It was too late. The hammer fell again, and the chain was severed.
Before him, the youth continued to kneel, his face turned up. He was quite simply the most beautiful young man Layle had seen in his years of working in the dungeon: ivory skin framed by golden-brown locks, eyes the shade of the dark blue of evening, lips deep red like a wound . . . Layle let his fingers trail over the lips, and he felt the youth tremble under him. He smiled.
"You know what I want," he said in an uncompromising tone.
"No . . ." The prisoner's voice was breathless. "Please don't make me do that. I'll do anything else that would please you. . . ."
Layle raised his eyebrows. "Such as lie on the rack? I assure you, it would give me great pleasure indeed to hear your joints pop out of their sockets."

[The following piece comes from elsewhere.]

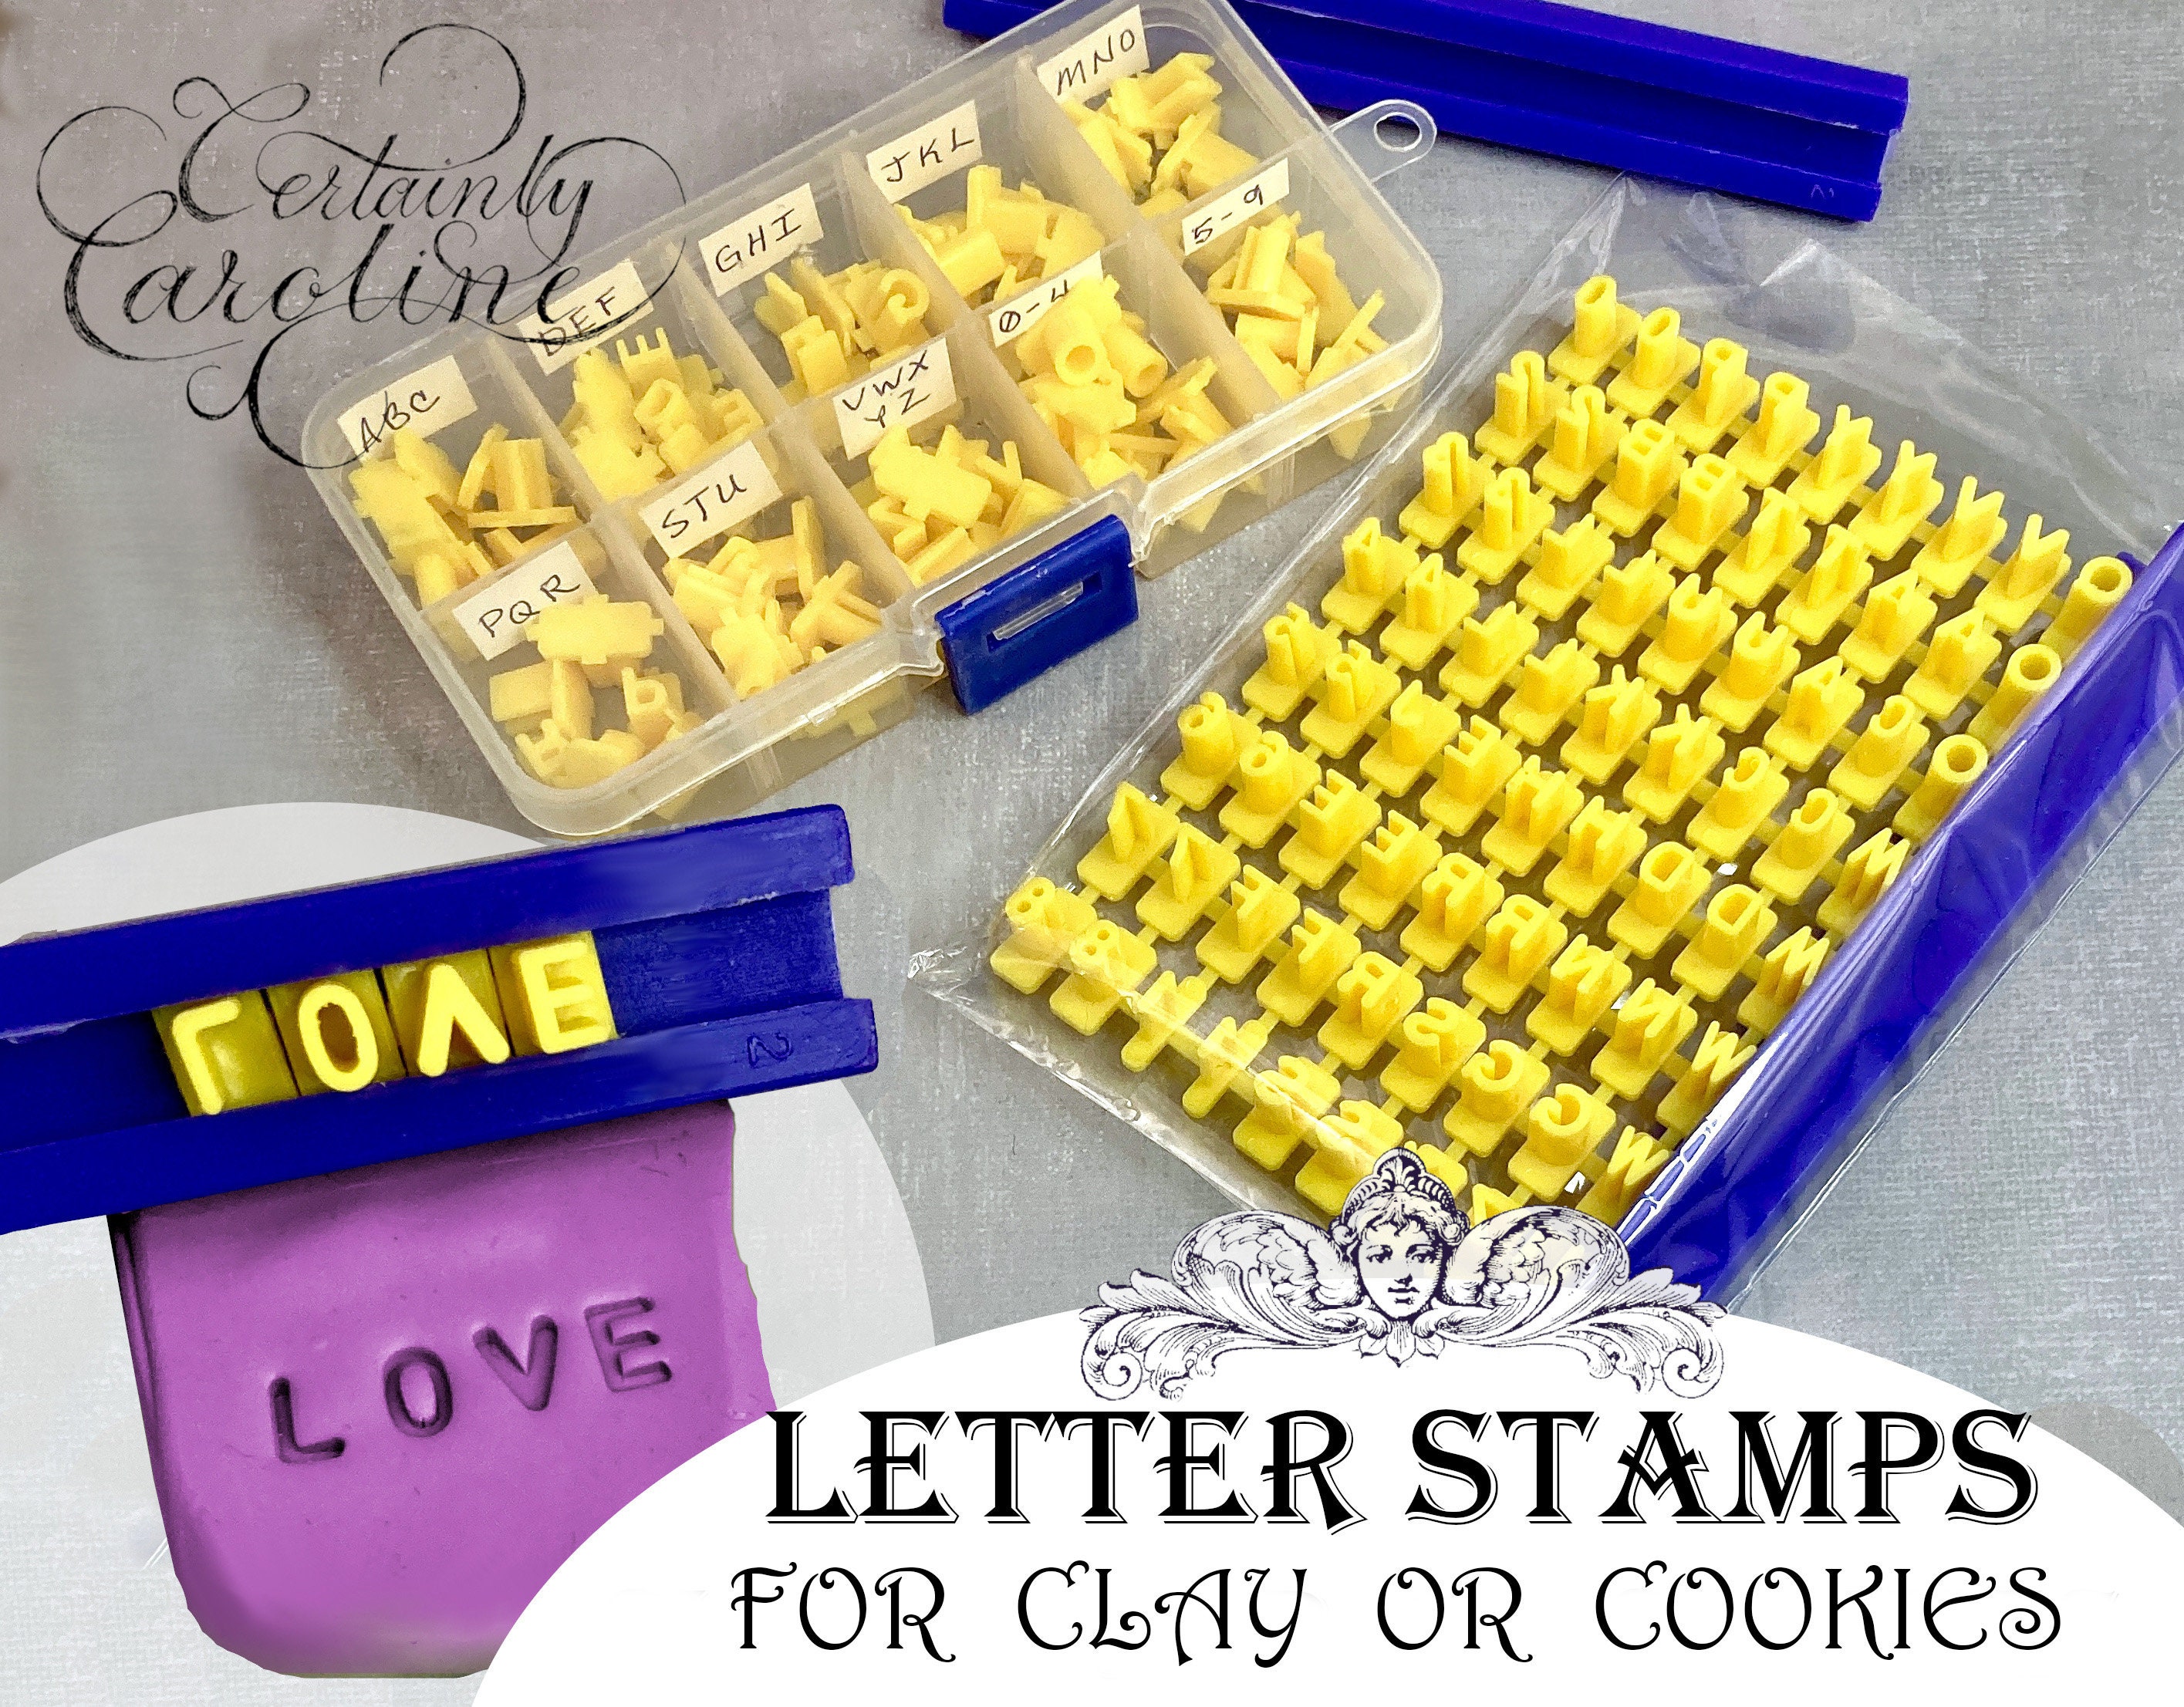 Oumefar Letter Stamps for Clay, Retro Wooden Mini Letter Stamp Woodenink  Letter and Number Stamps Set Art Handicraft Card Making Rubberstamp Clay

The youth's face held such horror and sickness that Layle nearly laughed. He gestured toward his clothes, and after a moment the prisoner reached forward his shaking hands and undid the flap of Layle's trousers. He was nearly hit in the nose by Layle's shaft, which tumbled out eagerly, happy to be freed from confinement. The youth gave a yelp and drew back. Layle laughed and forced the prisoner's head forward again.
"Kiss them," he said in the voice of a strict schoolmaster issuing orders to his pupil.
The youth, innocent as he was, seemed momentarily puzzled by the plural of this instruction. Then his gaze fell slightly, and he swallowed.
"Please . . ." he whispered.
Layle let his hand tighten on the hair, and he heard the youth gasp. "The rack," he said in his deepest voice. "Or this. Make your choice."
His hands shaking again, the youth reached forward and pulled the shaft up out of the way; then he put forward his mouth. Layle smiled as he felt the youth's trembling lips touch him. There was in fact no choice; the prisoner would end up on the rack in the end. But the prisoner didn't know that.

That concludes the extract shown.